Mr. Bone: To ask the Secretary of State for International Development if he will make a statement on the impact of EU agricultural policies on people in developing countries. [35037]

Mr. Thomas: The Government acknowledge the damaging impact that dumping and trade-distorting subsidies have on developing countries, particularly on their agriculture sectors. We fully support the commitment made at the World Trade Organisation (WTO) Doha Ministerial meeting in 2001, which agreed that agriculture negotiations would aim to achieve: substantial improvements in market access; reductions of, with a view to phasing out, all forms of export subsidies; and substantial reductions in trade-distorting domestic support.
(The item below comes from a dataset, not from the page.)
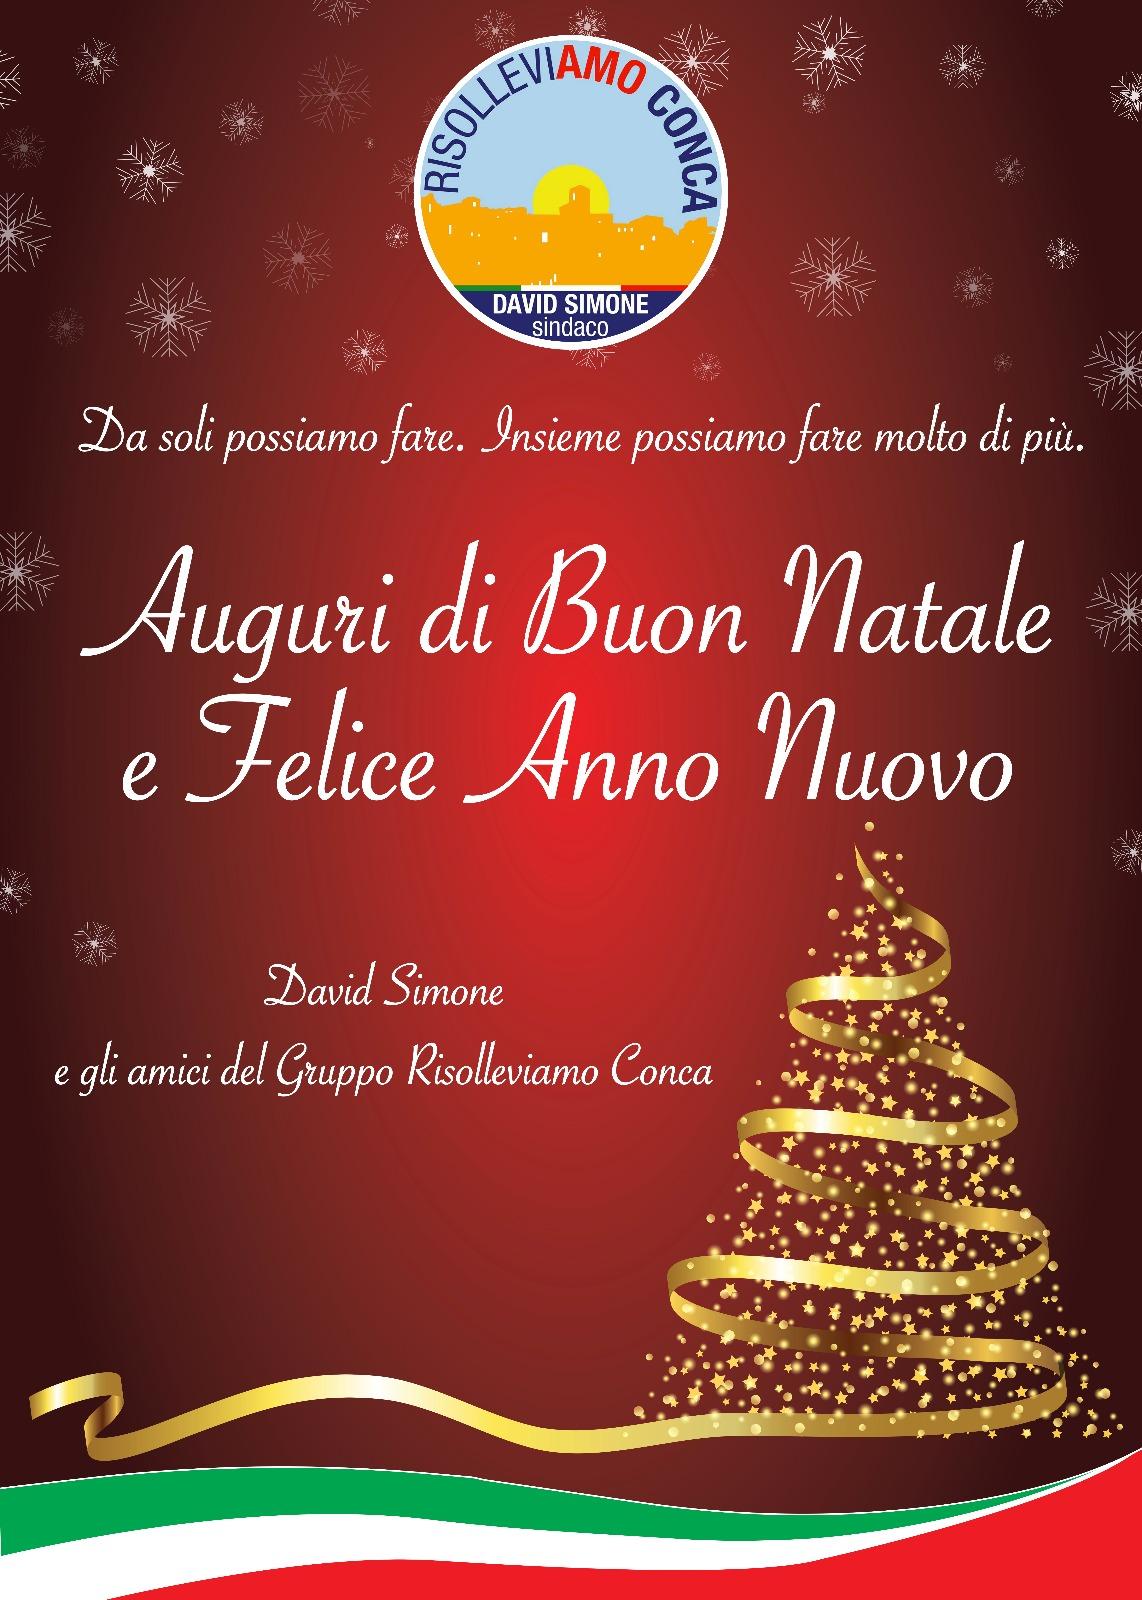 Auguri Di Buon Natale E Buon Anno.Auguri Di Buon Natale E Felice Anno Nuovo Risolleviamo Conca

The package of reforms to the EU's Common Agricultural Policy (CAP) agreed in June 2003 and May 2004 mark a significant shift in the EU's agricultural policy. The de-coupling of subsidies from production should connect European farmers much more closely to the market and have real impacts on reducing excessive production, which results in dumping and harms developing countries. The Government will continue to be at the forefront of those pushing for further reform of the EU's agricultural policy and I welcome the fact that the Commission has re-affirmed its commitment to ensuring that the EU plays a full and constructive role in the WTO agriculture negotiations. I also welcome the commitment in the WTO to agree to set an end date for all export supports. The UK believes these should end by 2010.

The Doha Development Agenda and specifically the WTO Ministerial Conference in Hong Kong represent an important opportunity to make a significant contribution to reducing global poverty. The UK Government are working to achieve an outcome that delivers real gains for developing countries, including the poorest. These gains should include improved participation by developing countries in the world trading system, through substantially increased market access for developing countries and the dismantling of trade-distorting agricultural subsidies by industrialised countries.

Free Trade

Anne Milton: To ask the Secretary of State for International Development what steps he is taking to promote free trade with developing countries; and if he will make a statement. [35131]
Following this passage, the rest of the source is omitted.